En second lieu, dès lors qu’il s’agit d’évaluer les coûts indirects de la mise en place de ces quotas (baisse de la croissance induite liée aux sommes détournées au profit de la lutte contre le climat, impacts des variations des prix des énergies fossiles sur la balance commerciale, possibles délocalisations des industries intensives en carbone, etc.), il est nécessaire de disposer en sus d’une information beaucoup plus complète sur la nature des trajectoires économiques de référence. Les taux de croissance et les intensités énergétiques régionales constituent en l’occurrence les données minimales pour envisager une telle évaluation.

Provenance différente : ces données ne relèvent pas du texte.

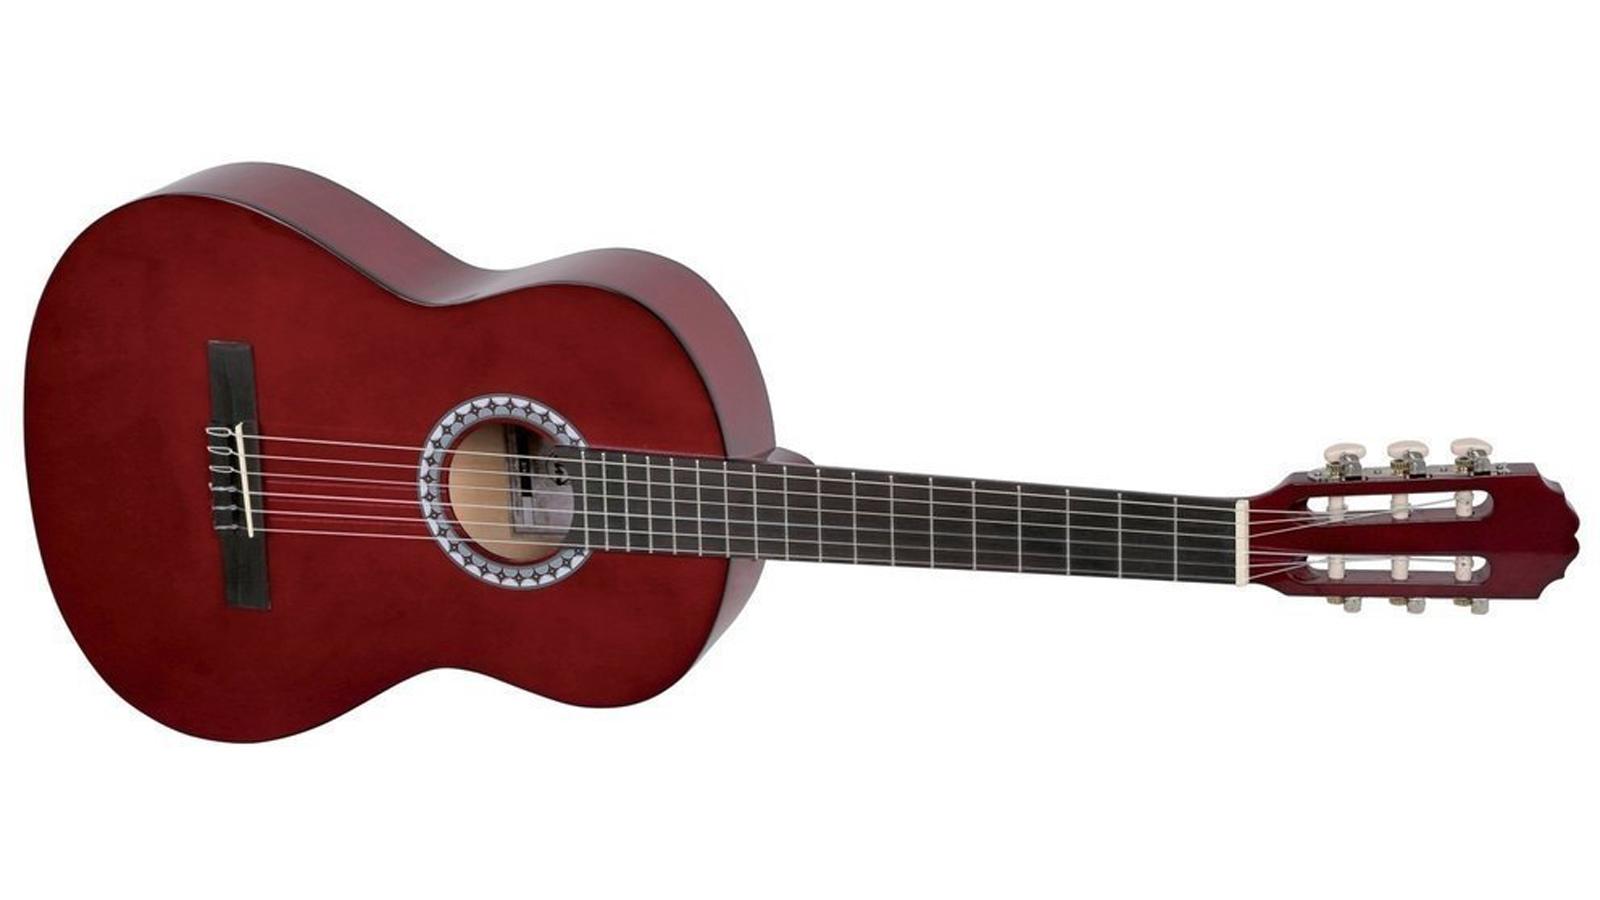 VGS Konzertgitarre 4/4 Rot Basic

En troisième lieu, la plupart des règles d’attribution des quotas d’émissions proposées dans la littérature dépendent elles-mêmes d’indicateurs macroéconomiques. La règle de convergence d’Anil Agarwal et de Sunita Narain (1998) repose sur les dynamiques de population régionales. Henry Jacoby et al. (1999) allouent leurs quotas en fonction du PIB par tête. D’autres se réfèrent encore à l’intensité énergétique (Colombier, 1998) ou à une combinaison de plusieurs indicateurs. En résumé, l’évaluation des coûts des politiques d’élargissement de l’annexe B ne peut se faire indépendamment d’une projection à long terme d’indicateurs économiques dans le scénario de référence.

En quatrième lieu, nous avons abondamment souligné le fait que les paramètres du calcul économique eux-mêmes dépendent des hypothèses formulées sur la croissance à long terme.

Bien entendu, chacune de ces variables ne peut être étudiée isolément. La consommation d’énergie et le PIB ne sauraient par exemple être traitées indépendamment sauf à prendre le risque de formuler des hypothèses hasardeuses à la fois sur la nature des activités qui dirigent la croissance et sur le rythme du progrès technique. La présente section a donc pour objet d’examiner les principaux scénarios économiques et énergétiques de référence proposés dans la littérature. L’objectif n’est pas ici d’en faire une recension complète6, mais d’illustrer et d’analyser la diversité de ces projections.